PROVIDED MATERIAL ::
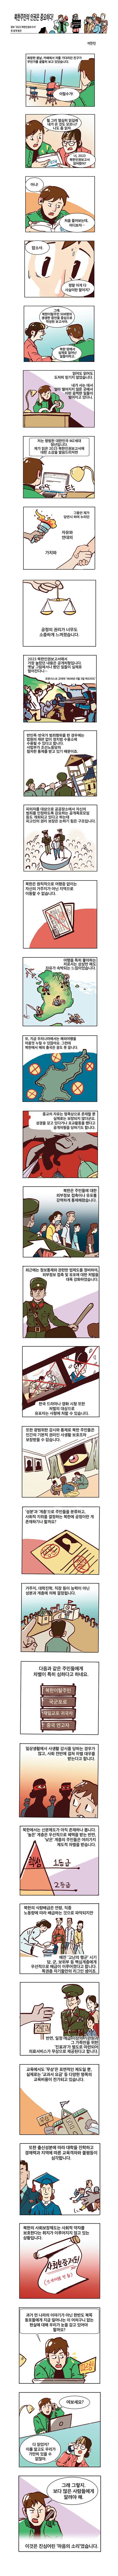 북한주민의 인권은 중요하다!
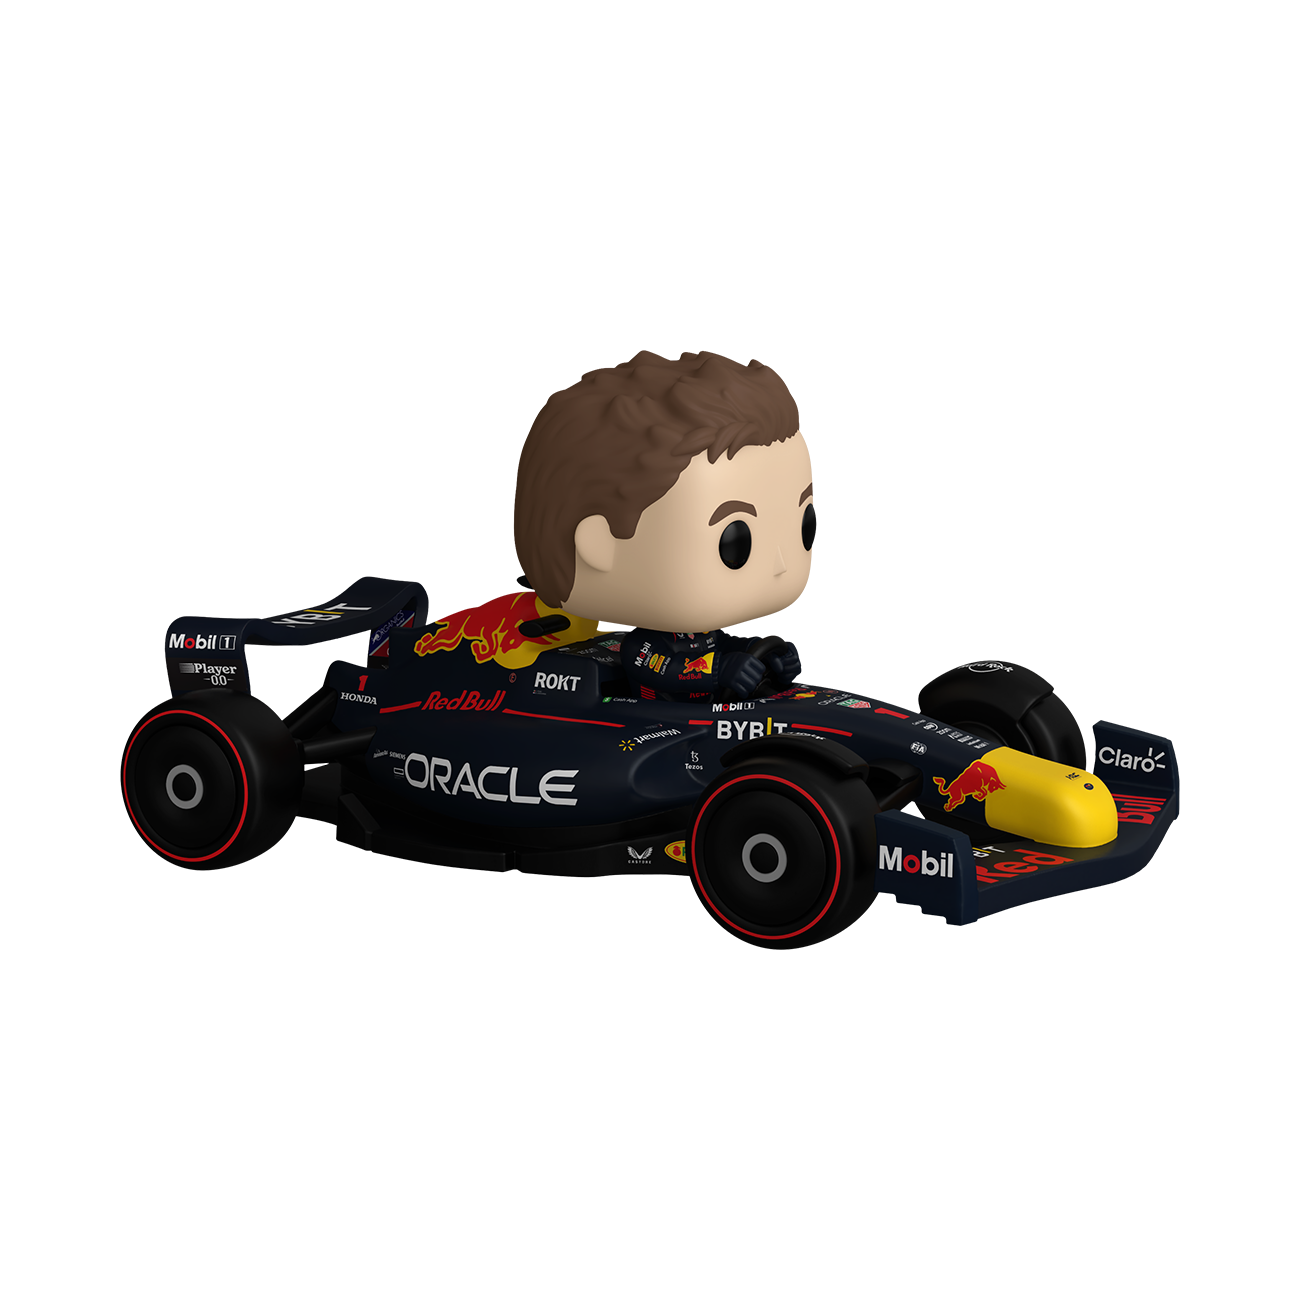  Funko Pop! Racing: Max Verstappen : Toys & Games
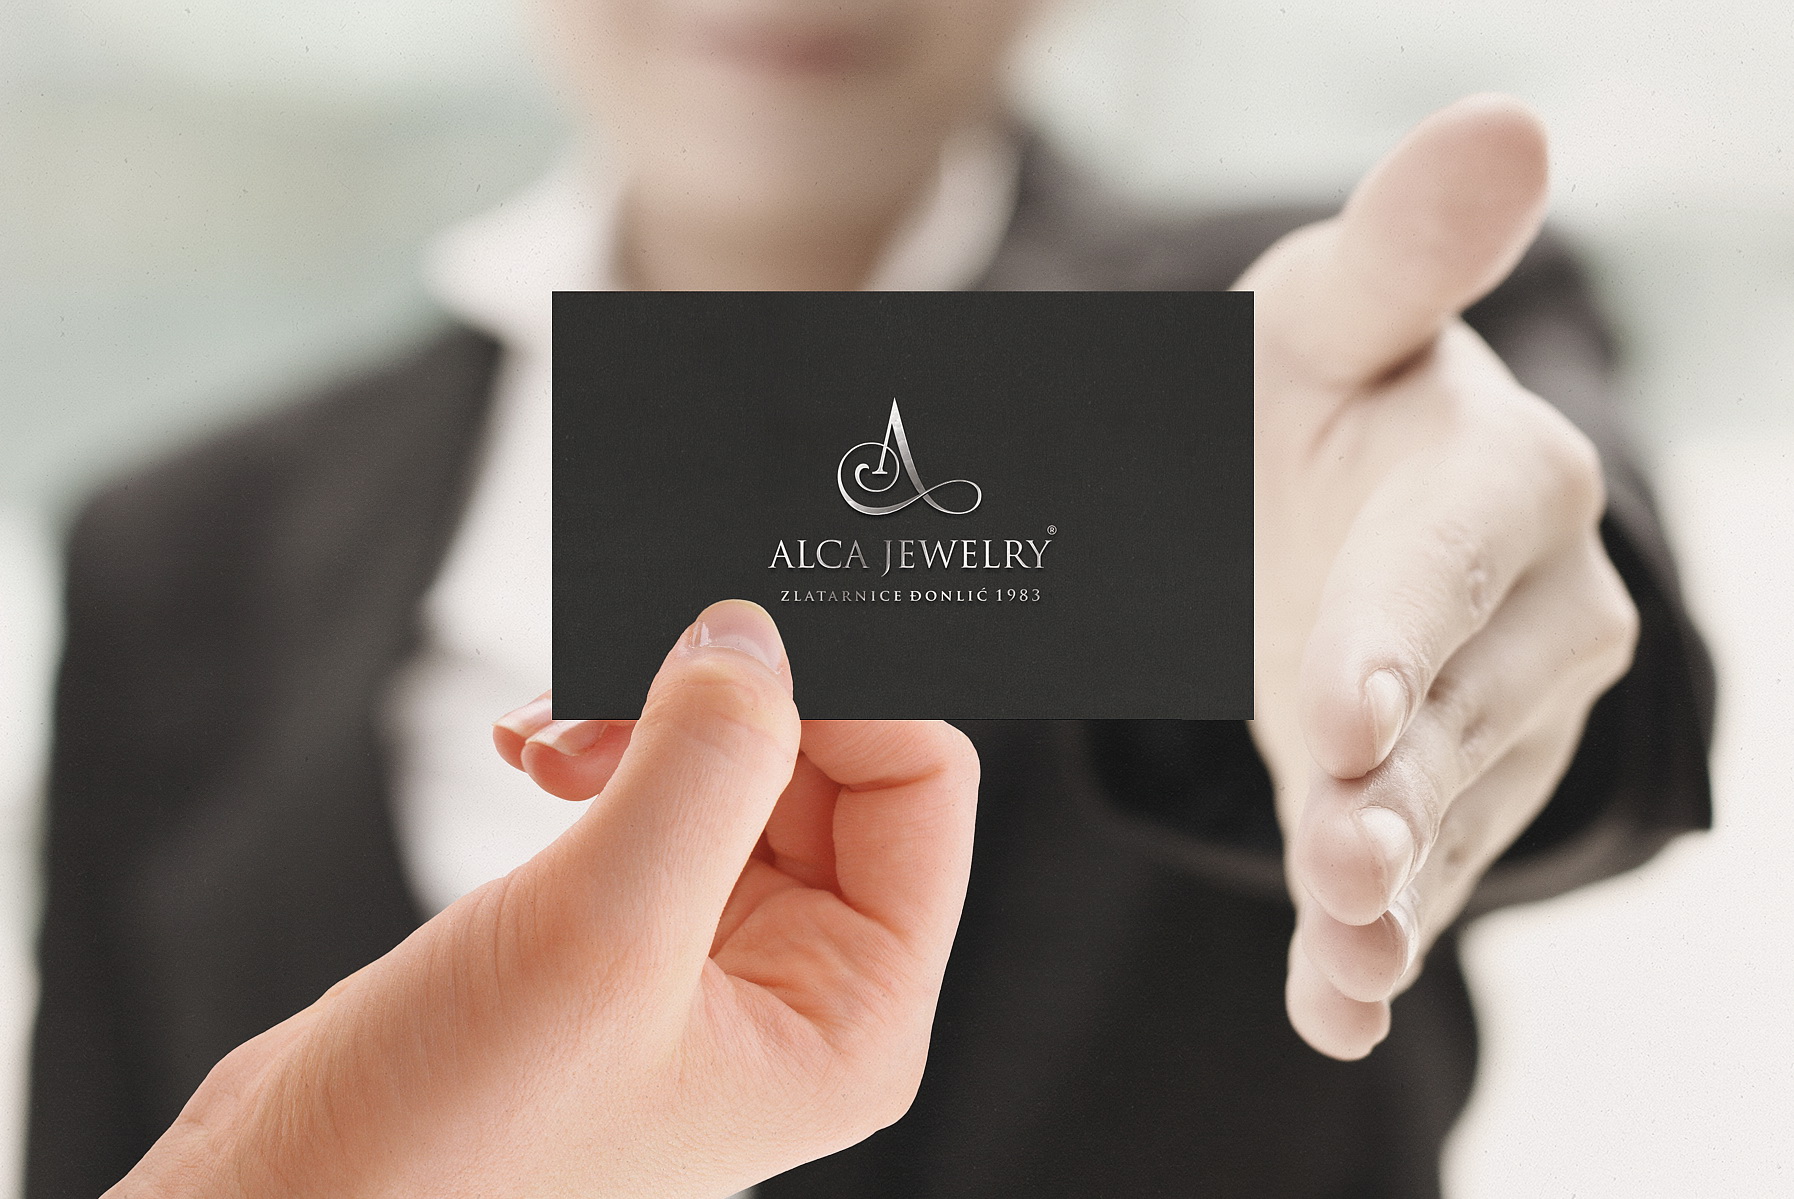 Alca Jewellery
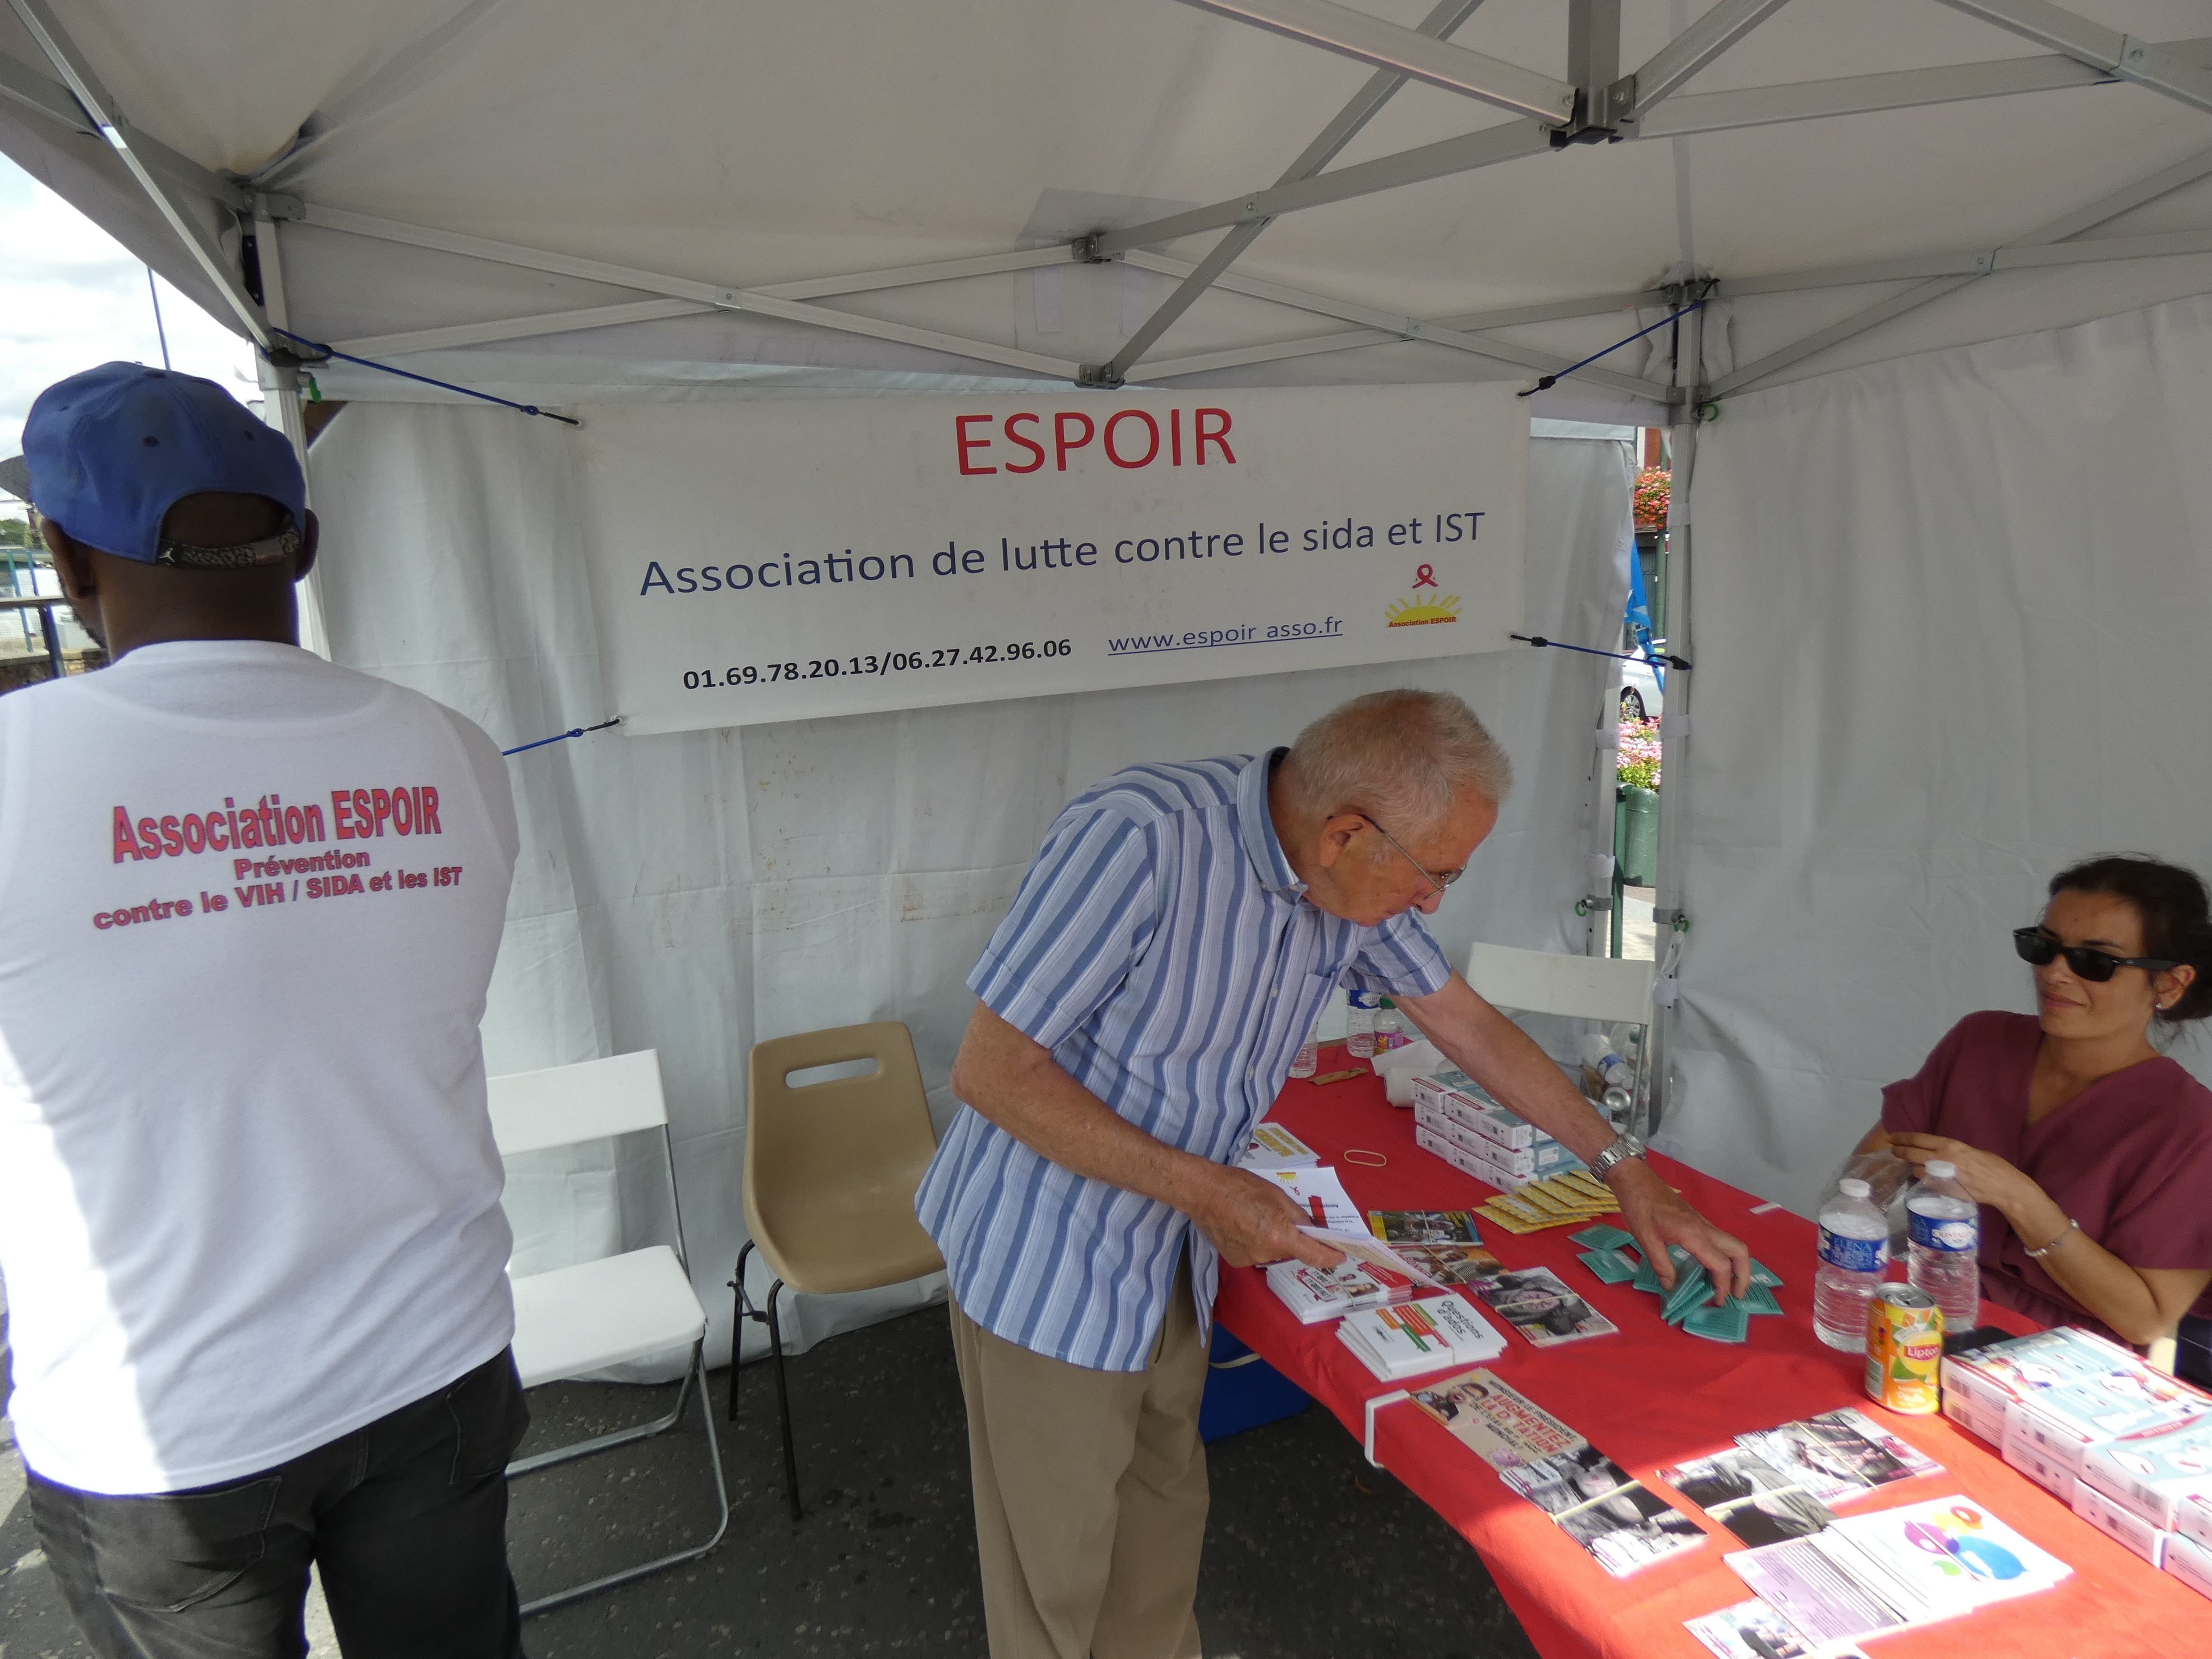 Etampes, le 25 juillet. L'association Espoir organise régulièrement des dépistages gratuits et anonymes de VIH et hépatite B et C comme ici devant la gare d'Etampes. LP/Cécile Chevallier

WORK ITEM :: The answer is every line of the data, exactly as written, with the pictures dropped.

RESULT OF THIS EXERCISE ::
 북한주민의 인권은 중요하다!
  Funko Pop! Racing: Max Verstappen : Toys & Games
 Alca Jewellery
 Etampes, le 25 juillet. L'association Espoir organise régulièrement des dépistages gratuits et anonymes de VIH et hépatite B et C comme ici devant la gare d'Etampes. LP/Cécile Chevallier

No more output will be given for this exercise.